Item Bio: Tsurris

A little bit of lore from the Pathfinder campaign I’m a player in. My character is Cain Ahora, lawful servant of Asmodeus. I’ll probably post a bio of him later. But this post isn’t about him. It’s about his sword.

In the last years of his life, renowned halfling magus and adventurer Macher Kishef turned his talents towards the construction of magical weapons, projects that would contribute in a physical and long-lasting way to his legacy. One of his lesser known works was a certain greatsword made of pure adamantine. It was commissioned by a young man who, despite the loss of several fingers and a violent youth, had found the path of law and had recently been inducted into the Hellknights, an organization devoted to maintaining order and fighting chaos.

The young Hellknight wanted the sword to be enchanted with flame, and asked for it to be called Uris, which meant “My fire” in Thassilonian and “Scorch” in Azlanti (perhaps by coincidence). Macher forged the sword as requested, and inscribed the word Uris in ornate Thassilonian runes on one side, and in flowing Azlanti script on the other side, and studded the hilt with rubies.

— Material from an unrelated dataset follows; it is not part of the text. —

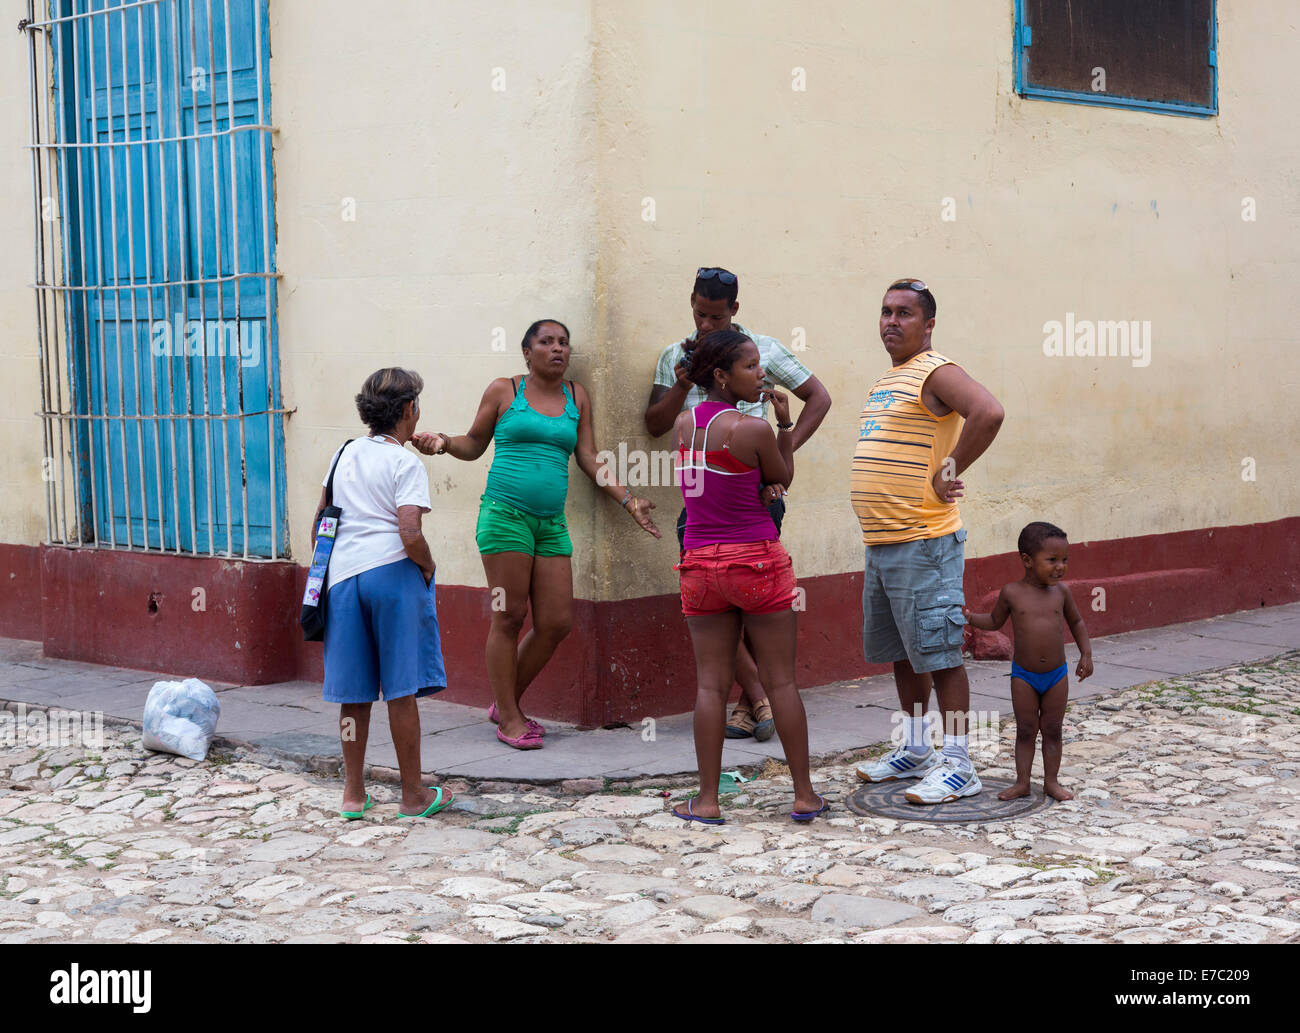 Los cubanos hablando, en la esquina de la calle Trinidad, Cuba Foto de stock

Shortly before the sword was completed, however, the Hellknight in question was cursed by a witch, and shortly thereafter slain in an unrelated battle with a demon, and his body torn to shreds. As this was in the days before resurrection was commonplace the young Hellknight was mourned by his colleagues as a goodly man with a very sad life.

There was now no buyer for the almost-finished sword, but Macher chose to complete it anyway, changing its name from Uris to Tsurris, the Halfling for “Misfortune” or “Woe”. He added to the Thassilonian runes and Azlanti script so that they sounded out the Halfling word, and finished by emblazoning the bottom of the hilt with his own arcane mark. As there was no longer a buyer, and it no longer seemed a particularly glorious project if no one would notice it, Macher did not bother enchanting it further, selling it to a collector.

 

The sword swapped hands for a few decades. Most of its possessors regarded it as more of an art item or curiosity than a weapon to be used, including the Lord of Ahora Manor in 245 A.R.A., who purchased Tsurris from a traveling dealer and put it on his wall. That lord’s grandson, Lord Mitt Ahora, sold the sword to a collector in Absalom in order to pay off a part of his household debt.

Sixty years later, Mitt’s son Cain used his prize money from the free-for-all dungeon competition to purchase back the adamantine greatsword his father had sold many years ago. Cain Ahora, he would bring the law of Asmodeus to those who would have it, and Tsurris to those who would not.

 

Ironically, it ended up being a worshiper of Desna (the foe of Asmodeus) named Ausk who finally laid powerful enchantments on Tsurris, making it the fearsome tool it is today. The first enchantment makes the blade’s cutting edge become impossibly sharp as it swings through the air. The second allows the hilt to act as an electrical battery, capable of storing a great charge and then releasing it all at once through the blade in a single devastating strike. But the third enchantment is the most fearsome of all.

Many weapons have entered the annals of legend, but only a few can truly be called vorpal. Tsurris is such a blade. Ausk’s third enchantment affects the sword’s very core. When the wielder’s arm is strong and his aim is true, the keen edge of the vorpal blade is drawn inexorably towards the neck of its target, and an overriding inertial force takes over. The result is instant decapitation. An encyclopedic tome on magical arms from Gwyn’s library has this to say on vorpal weapons:

Some creatures, such as oozes, have no heads. Others, such as golems and skeletons, are not affected by the loss of their heads. Most other creatures, however, die when their heads are cut off…

 

The vorpal enchantment is incredibly complex. Although Cain promised a favor (to be named later) in exchange for Ausk’s labor in empowering the sword, he was uncertain whether the weapon could really chop off heads so easily. But his fears were soon put to rest. For it was on an unnamed world in the far reaches of space that Cain, Ausk, and Gwyn entered an ancient complex, only to be confronted with a terrible balor demon, guardian of that place.

Before it could act, Cain called down the judgment of Asmodeus against this beast of chaos, and charged. The demon lashed out with his flaming whip as Cain leapt up into the air. He brought Tsurris down upon the balor. The Thassilonian runes and Azlanti script glittered in the light of an alien sun as the blade found the demon’s neck. And suddenly, in one quick cut, the demon’s head was on the floor, and unholy fire burst forth like an explosion from where its neck used to be.

The explosion knocked him clear across the room, but Cain Ahora, he survived. Tsurris’ point was stuck into the wall, and the rubied hilt of Tsurris glittered in the fire light. Cain got up. He put his hand on the hilt, his thumb on Macher’s maker’s mark. “It works!” Cain informed his scorched colleagues, pulling the sword out of the wall.

 

A few minutes later, he’d have Tsurris swinging back into the wall, several times; but that’s another story.